+++ ENTRIES SHOWN +++
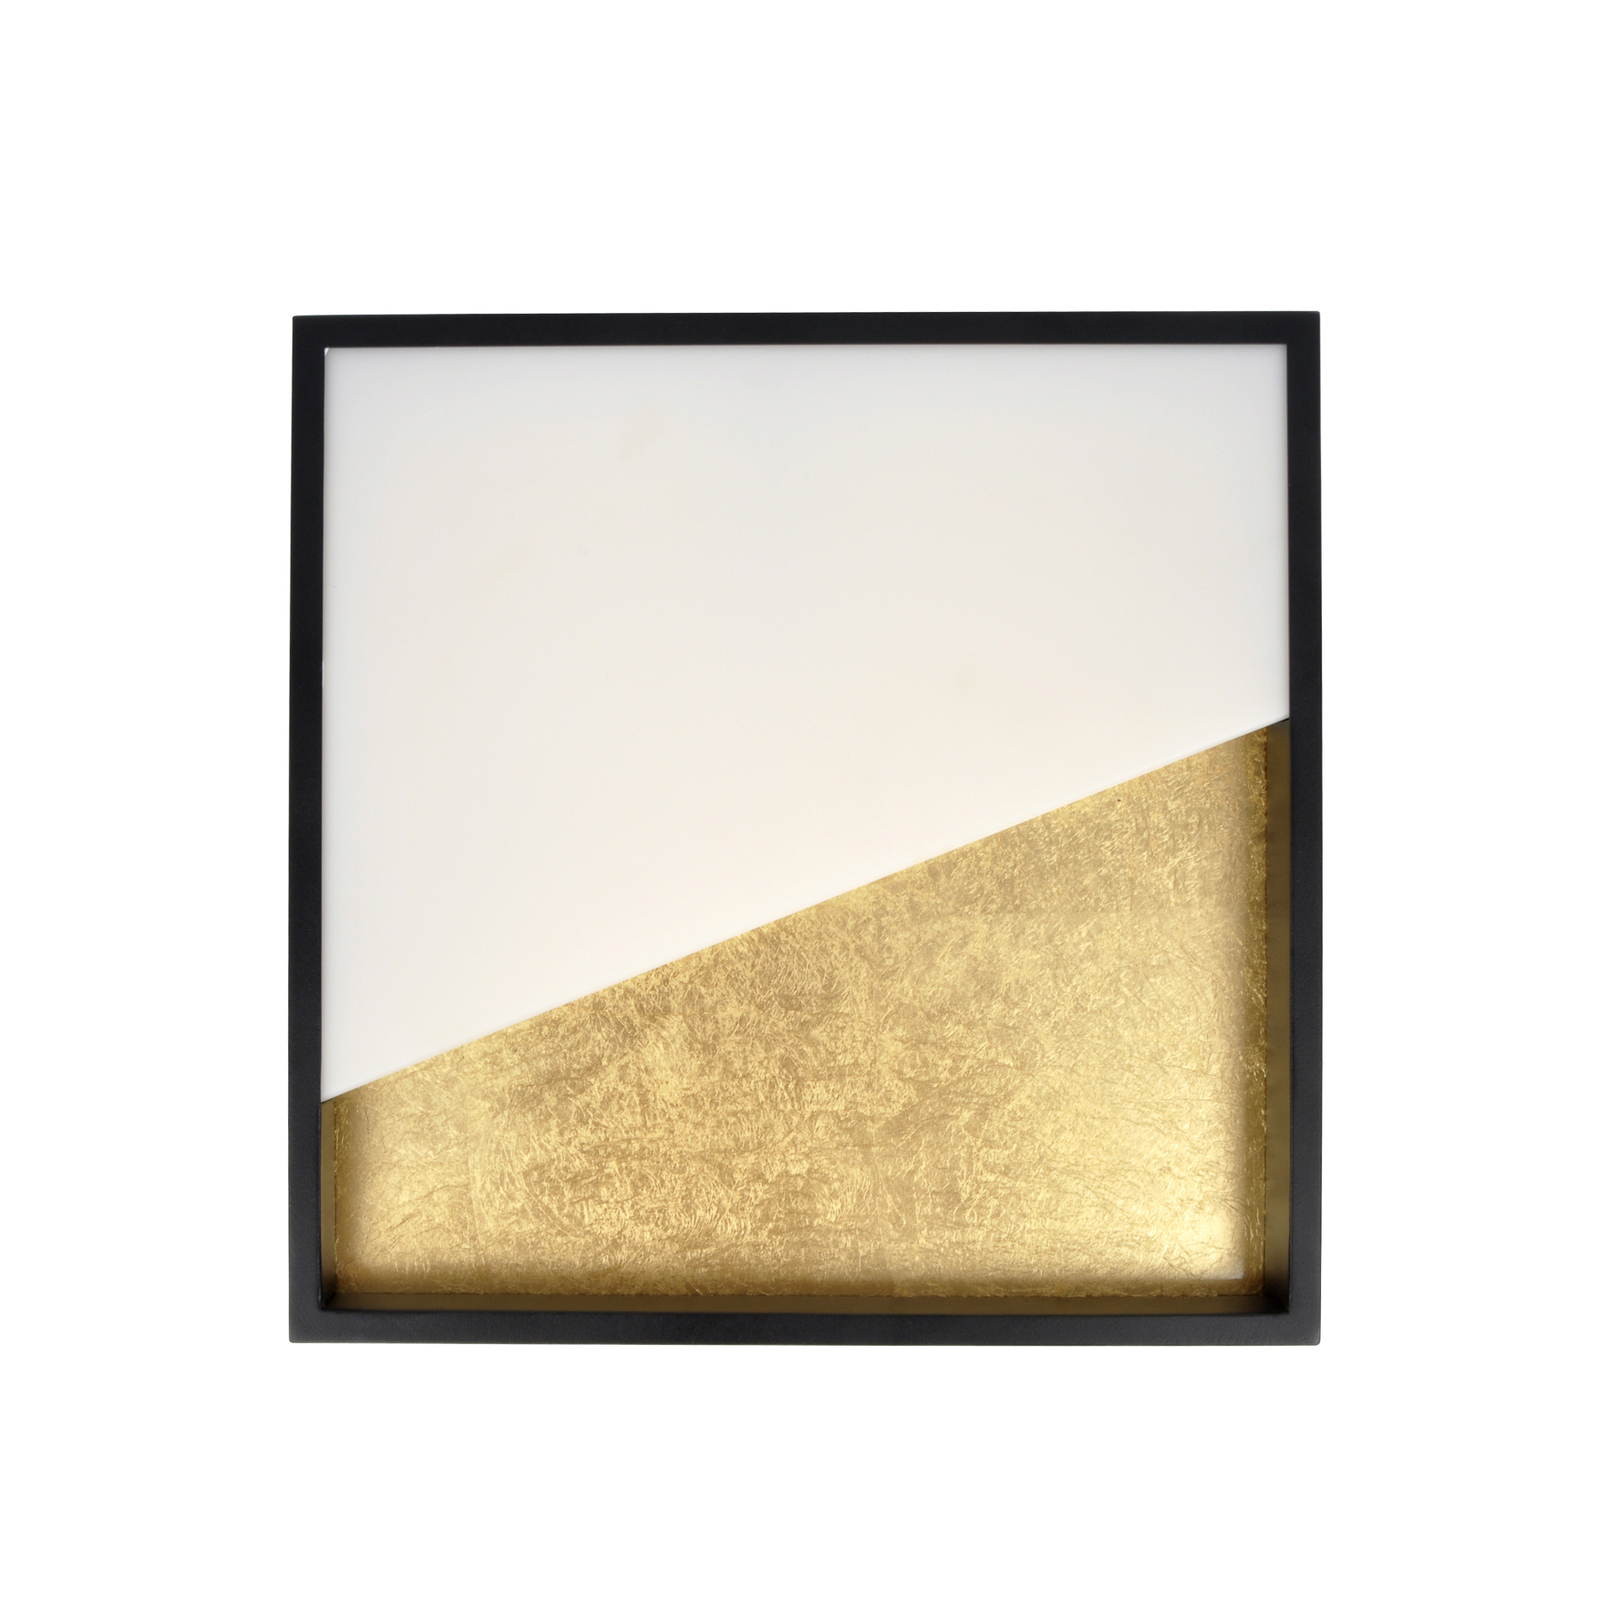 Nástenné svietidlo LED Vista, zlatá/čierna farba, 30 x 30 cm
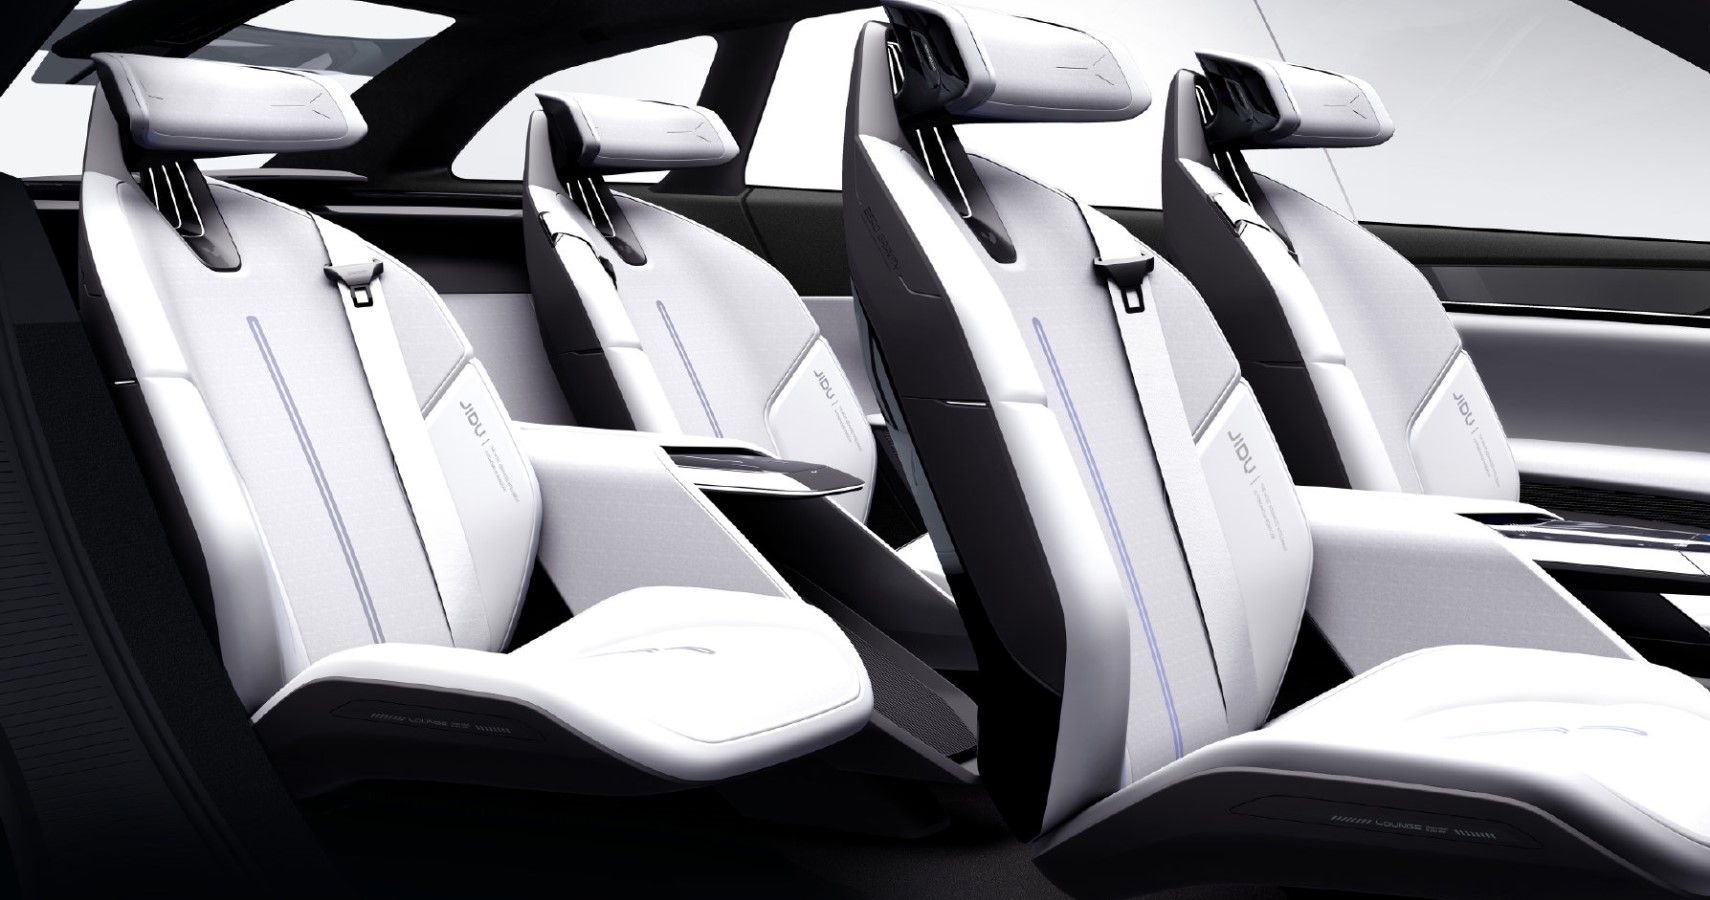 JIDU ROBO-01 EV Concept seating layout view
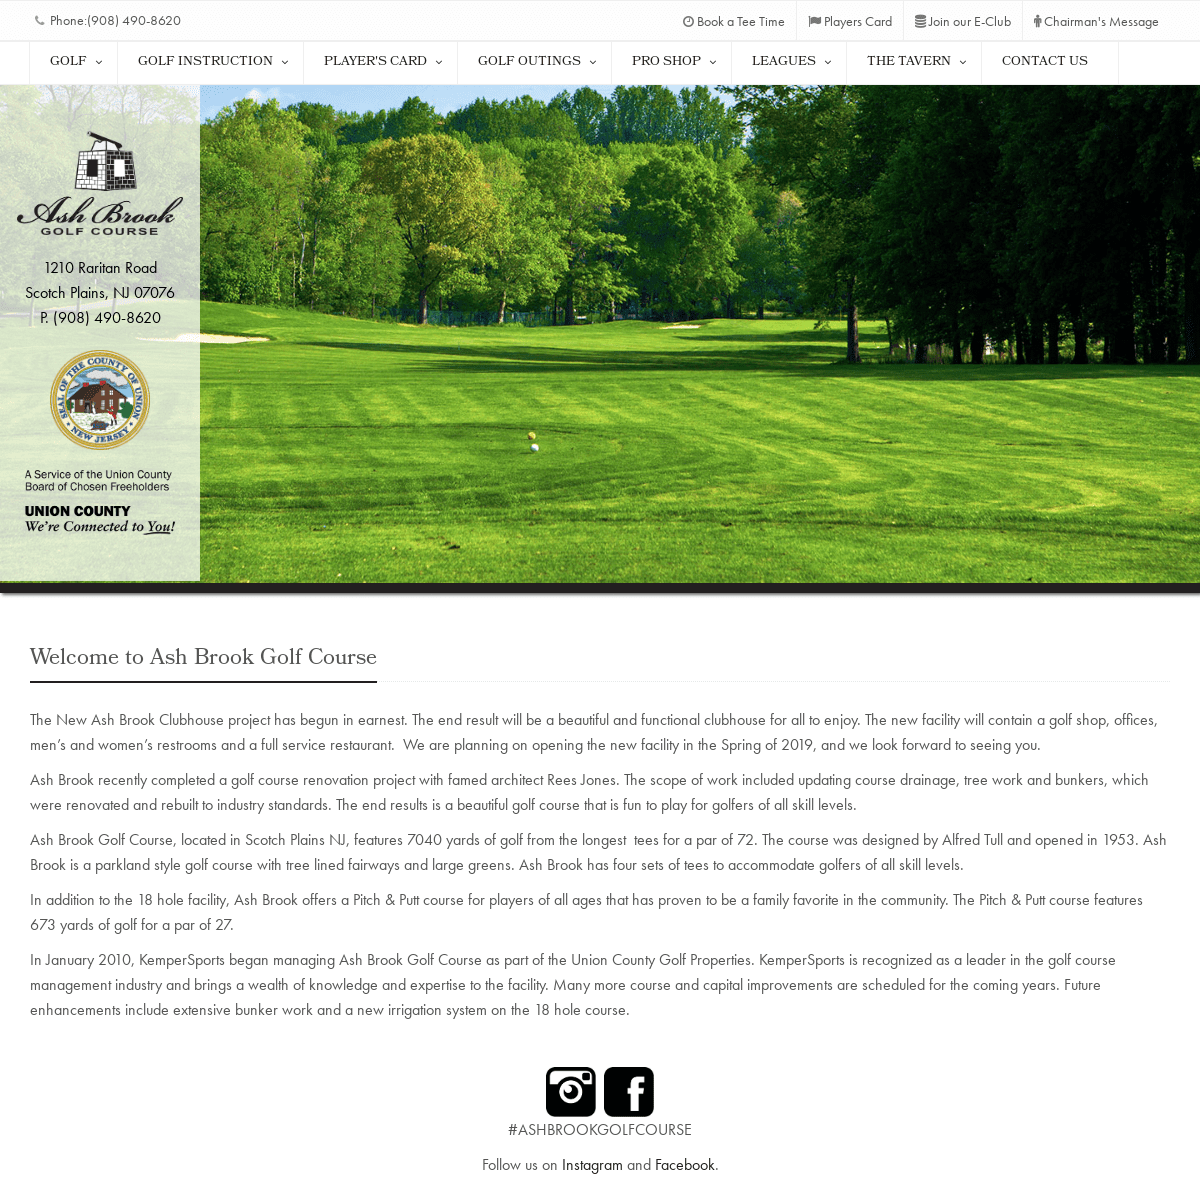 Ash Brook Golf Course - Scotch Plains, NJ
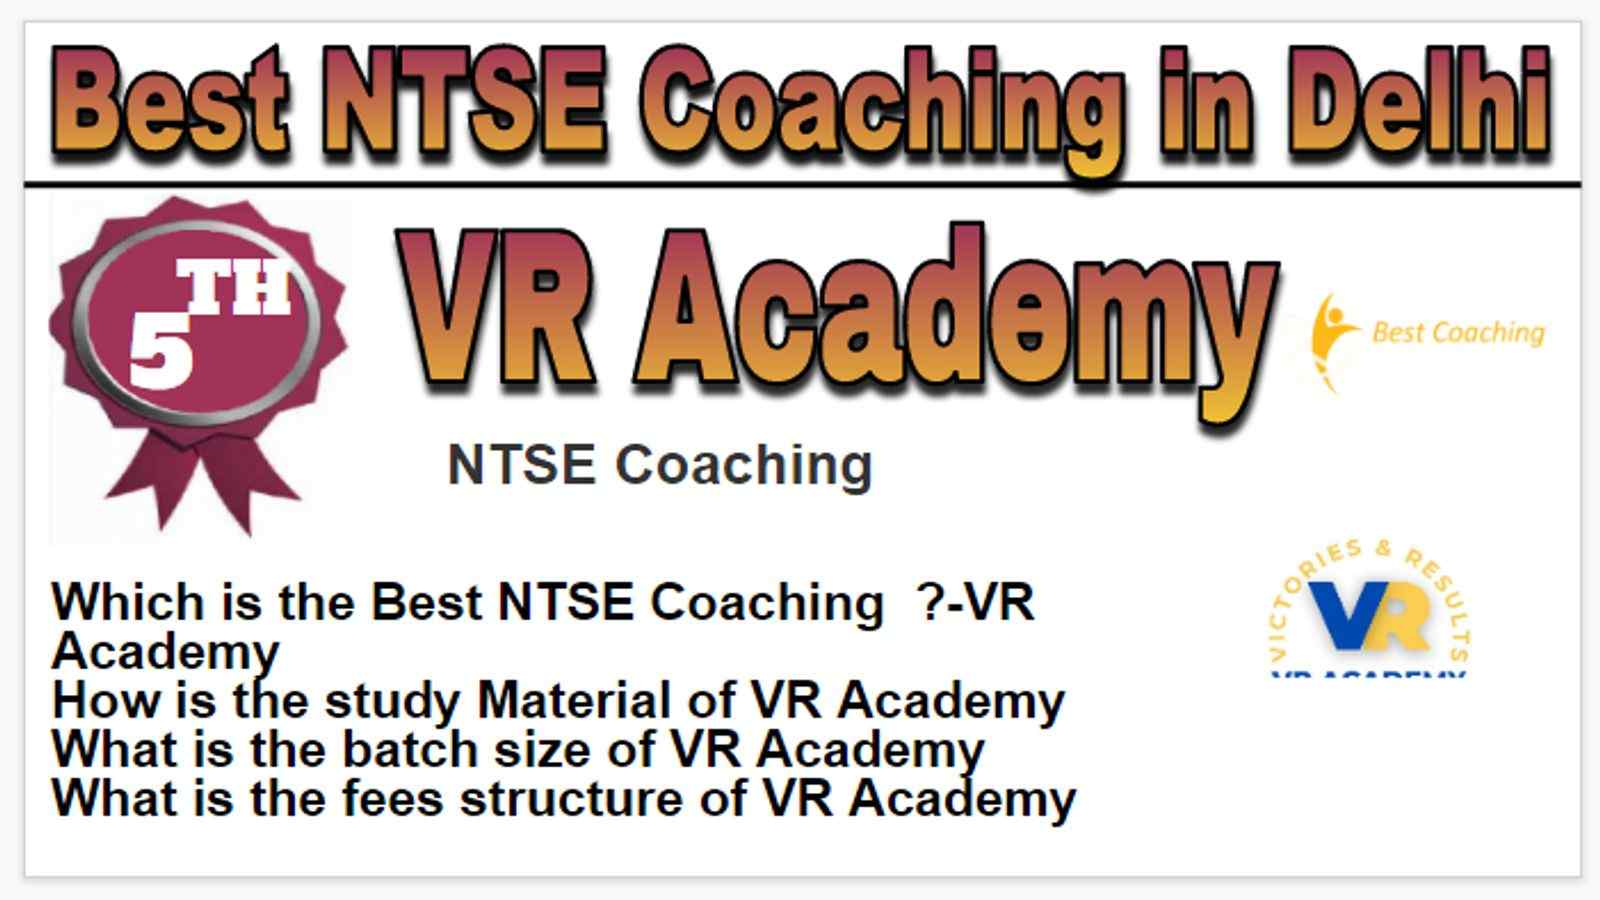 Rank 5 Best NTSE Coaching in Delhi
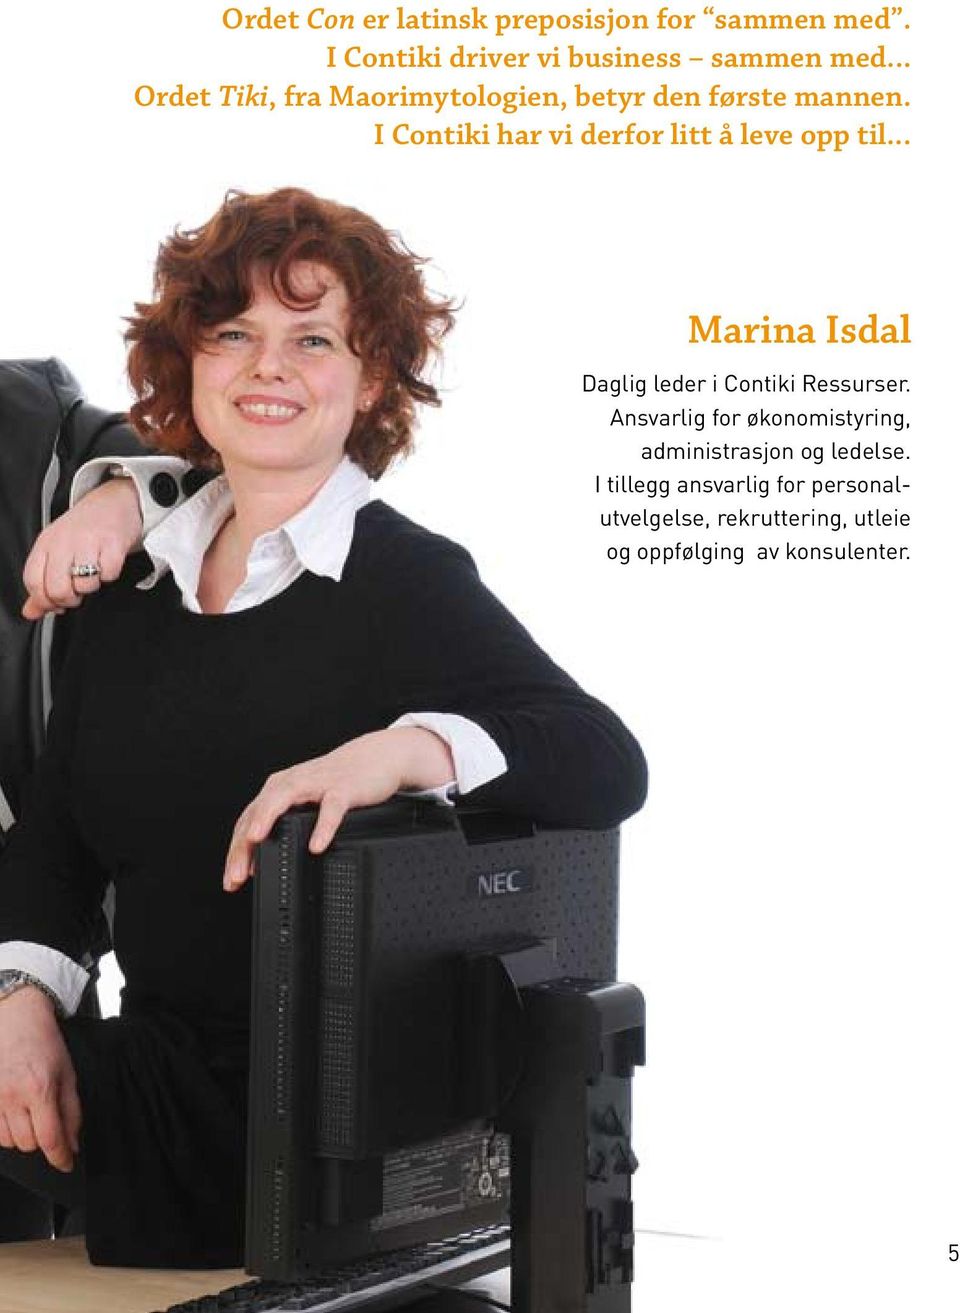 I Contiki har vi derfor litt å leve opp til... Marina Isdal Daglig leder i Contiki Ressurser.
+++
▶ **TRY IT**
Exclude all images, then retype the records above without alteration.

▶ **ANSWER TO THIS PROBLEM**
 Nástenné svietidlo LED Vista, zlatá/čierna farba, 30 x 30 cm
 JIDU ROBO-01 EV Concept seating layout view
 Ash Brook Golf Course - Scotch Plains, NJ
 Rank 5 Best NTSE Coaching in Delhi
 I Contiki har vi derfor litt å leve opp til... Marina Isdal Daglig leder i Contiki Ressurser.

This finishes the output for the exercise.